We demand a lot of the digital devices that we carry with us every day. We expect them to take all the abuse we put them through, from early morning until late at night. We depend on them. Unfortunately, our cell phones, PDAs, audio players and notebook computers won't run forever. They all depend on battery power to keep them alive and kicking.
While some batteries seem to go forever, eventually they have to be recharged. And recharging is, at the very least, inconvenient. So if we can stretch the battery's life between charges, the fewer recharges we will have to perform.
And lucky for us, stretching battery life is often fairly simple. All we have to do is decrease the drain on the battery. There are a number of ways we can do that.
First, disable Bluetooth when it's not needed. Bluetooth is a short range wireless technology found in many notebook computers, PDAs and in a majority of cell phones currently on the market. Unbeknownst to many people, Bluetooth stays on and broadcasts a signal even when it's not actively being used.
In fact, some people see significant increases in battery life after Bluetooth is disabled, as the technology is fairly very battery intensive.
Two, disable wireless networking when it's not needed. The wireless networking hardware found in many of today's notebook computers and PDAs waste a lot of battery power constantly searching for potential wireless networks to connect to.
Some notebook computers have a physical switch on the front or side of the computer that powers off the wireless networking hardware inside. Many notebooks also have an icon in the system tray near the system clock that can disable the wireless hardware with a click of the mouse.

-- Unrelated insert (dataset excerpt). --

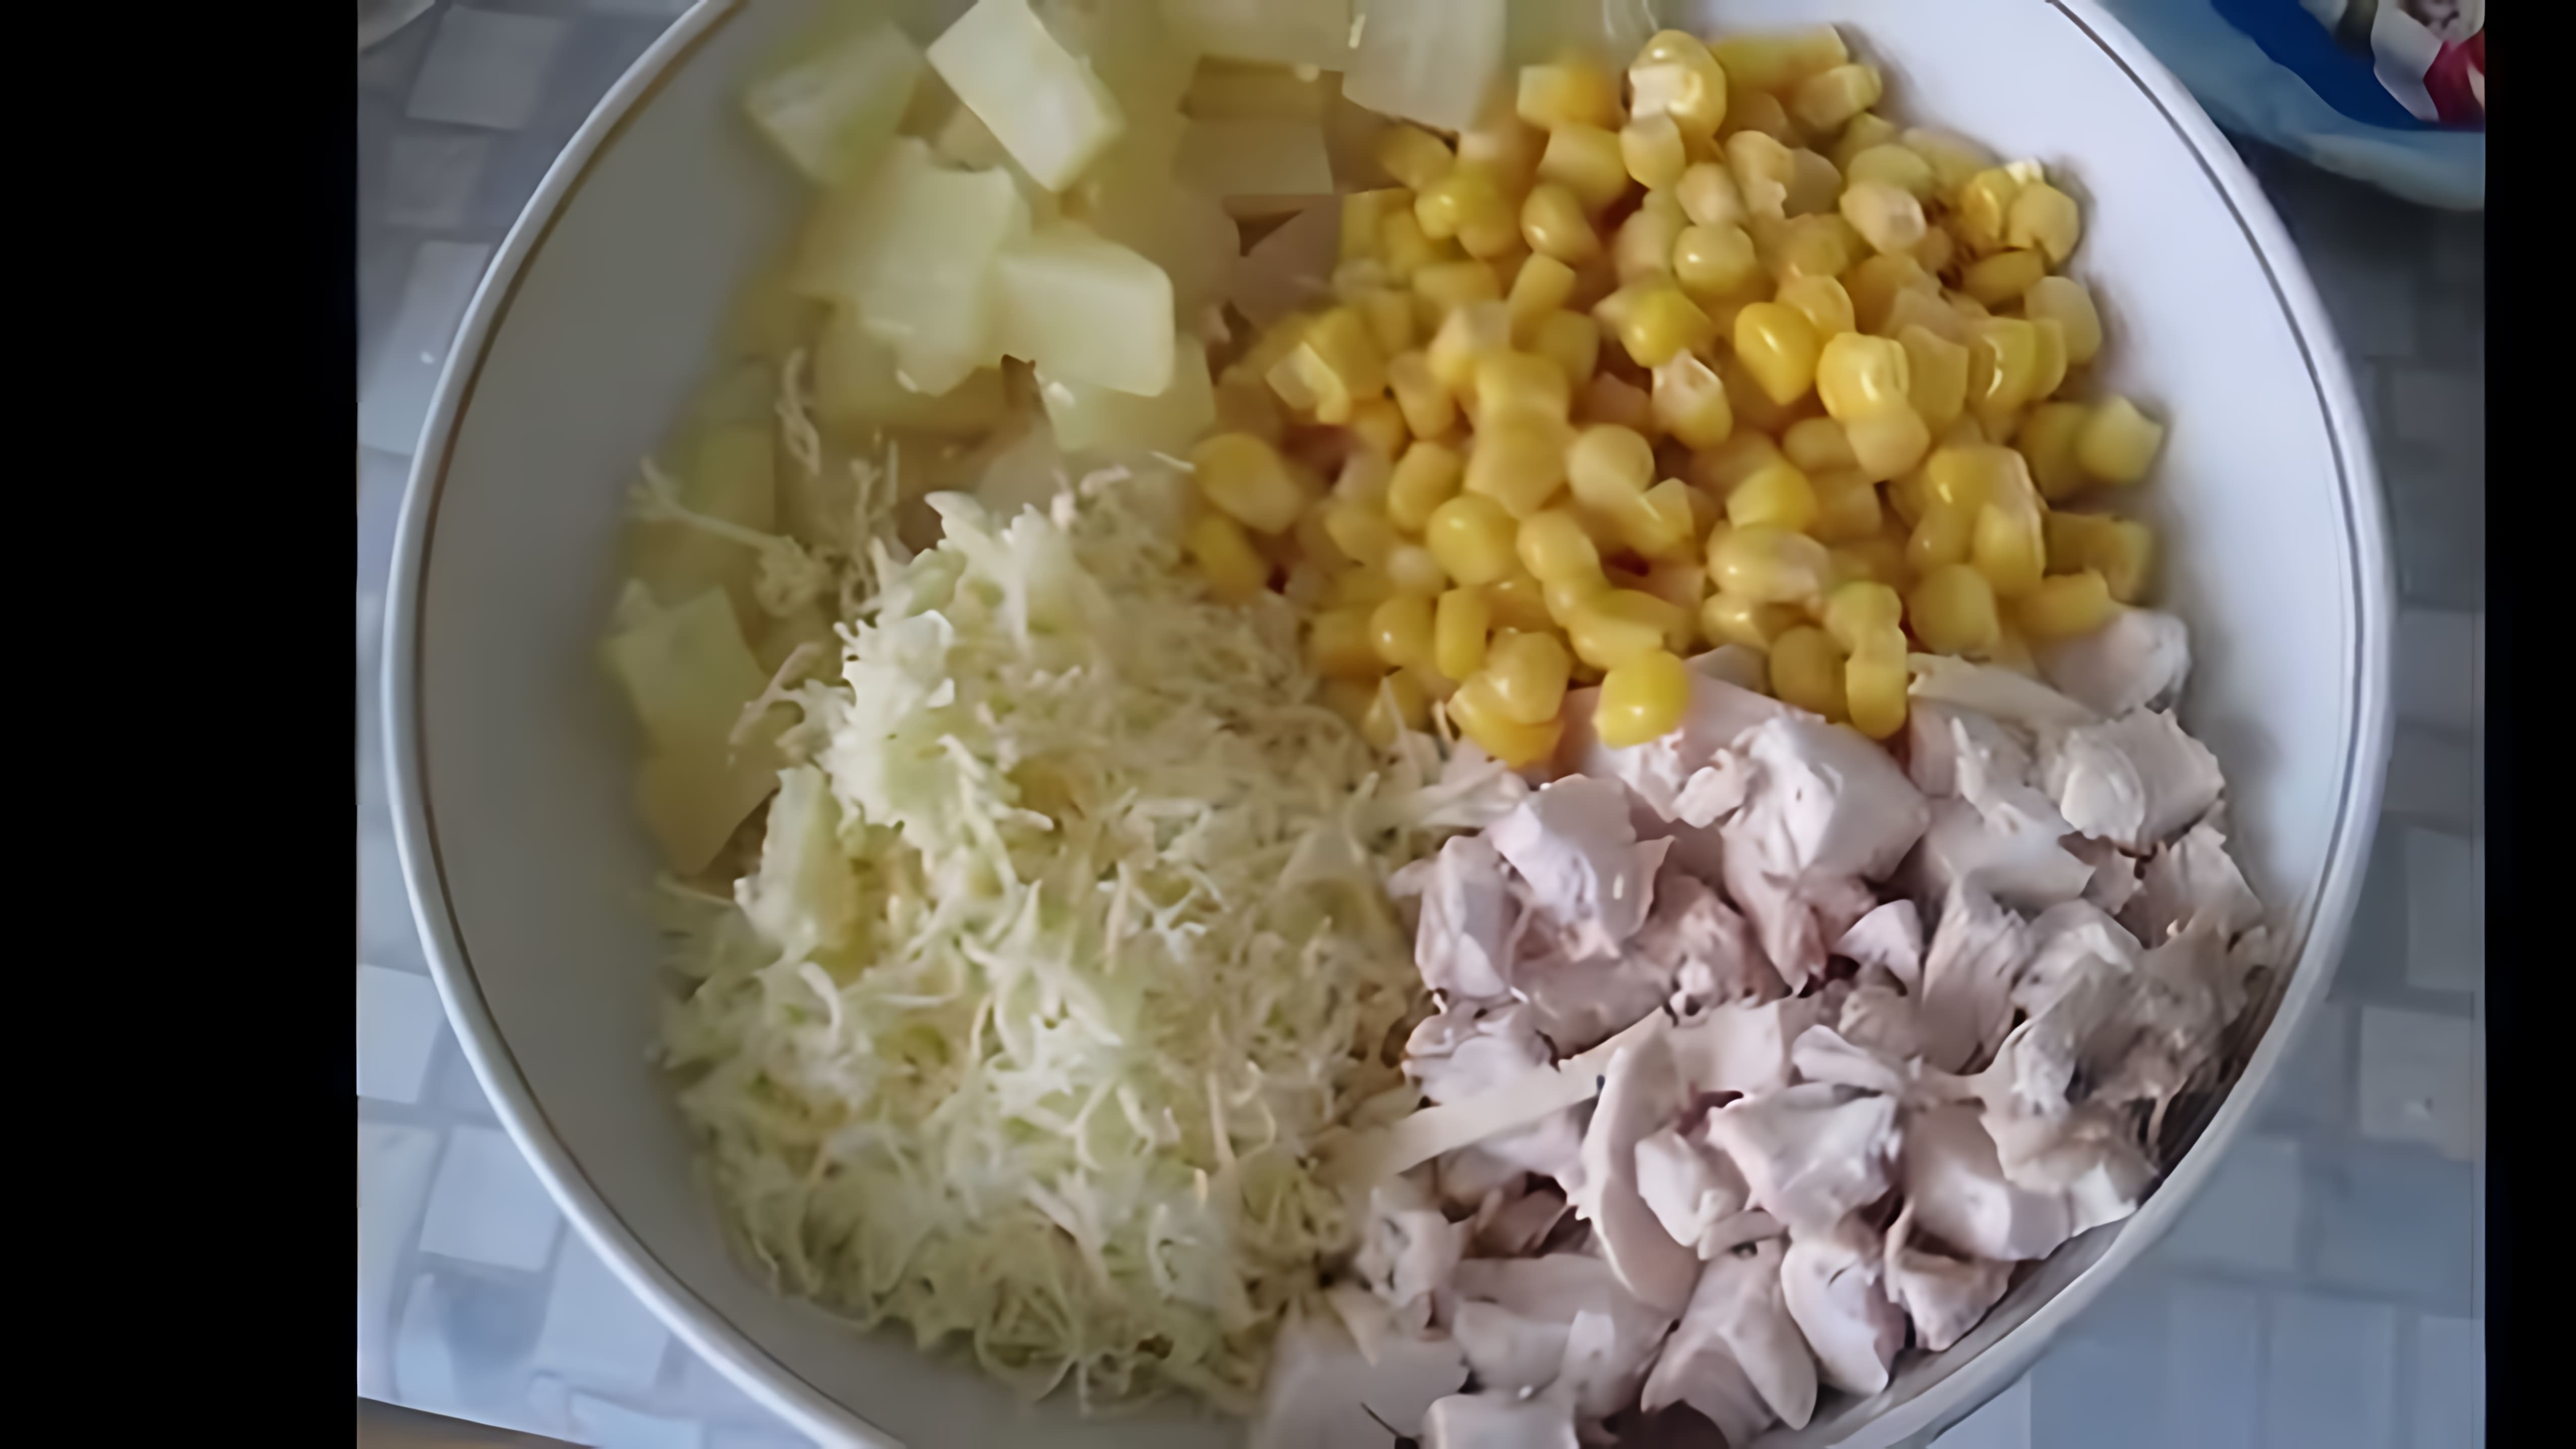 Салат с курицей, кукурузой и ананасами - это вкусное и питательное блюдо, которое можно приготовить в домашних условиях
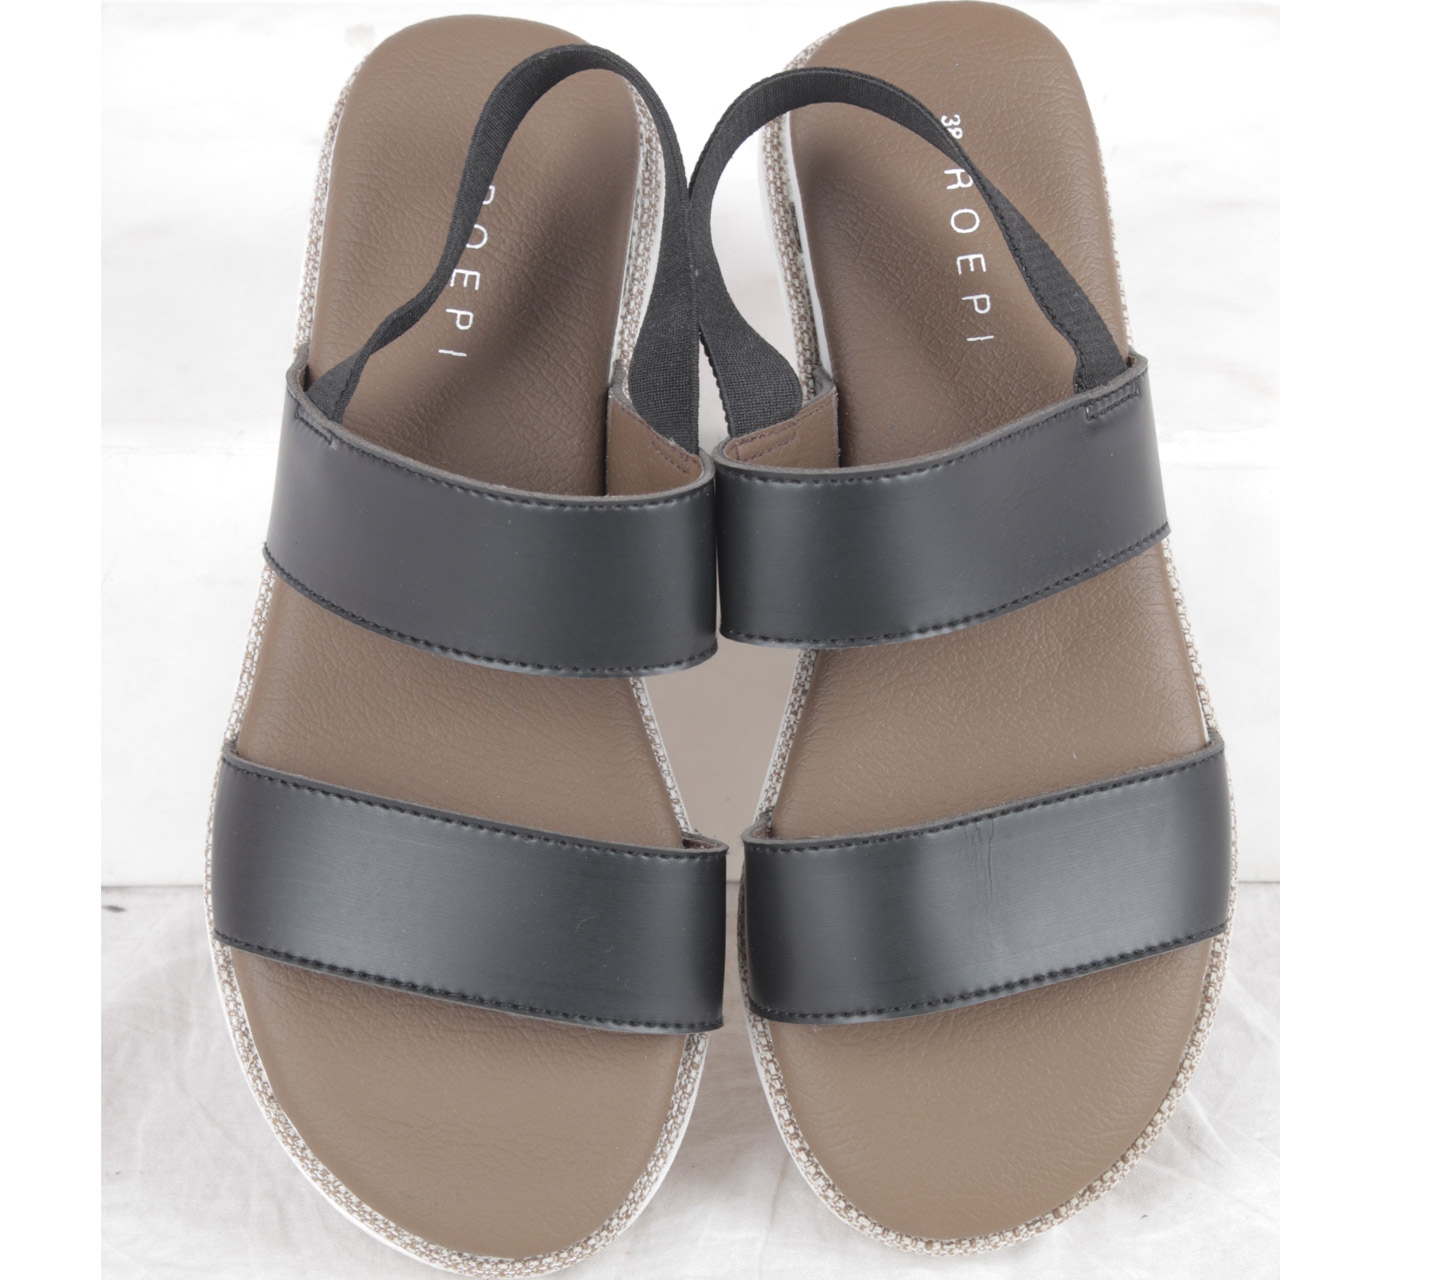 Roepi Black And White Platforn Sandals

Three, dim the LCD screen so it's not as bright. The brighter the screen is, the more battery power the device will consume. Luckily, most notebook computers dim the screen automatically when on battery power, but display settings can override that behavior, preventing the screen from dimming when AC power is unavailable.
Four, disable system sounds. Many cell phones, for example, play a sound every time a key is pressed or a picture is taken.
Five, if the digital device is a digital audio player, like an iPod or Zune, consider purchasing a model that does not use a magnetic hard drive for music storage. Unlike Flash based drives, magnetic hard drives have a number of moving parts, which translates to greater power usage, and thus, shorter battery life.
Unfortunately, nothing can store as much music as a magnetic hard drive. Players with flash drives are severely limited in storage capacity, but they do last significantly longer on battery before a recharge is needed.
Six, try to avoid using digital devices in extreme temperatures. Electronics don't operate as efficiently in really hot or really cold environments. That means shorter battery life.
Seven, turn off the GPS receiver in your cell phone when it's not being used to seek a location. Even if the GPS features are not in use, the phone will constantly attempt to find GPS satellite signals, which will put a severe drain on the battery.
So master your battery usage, and you'll find yourself charging your battery a lot less often.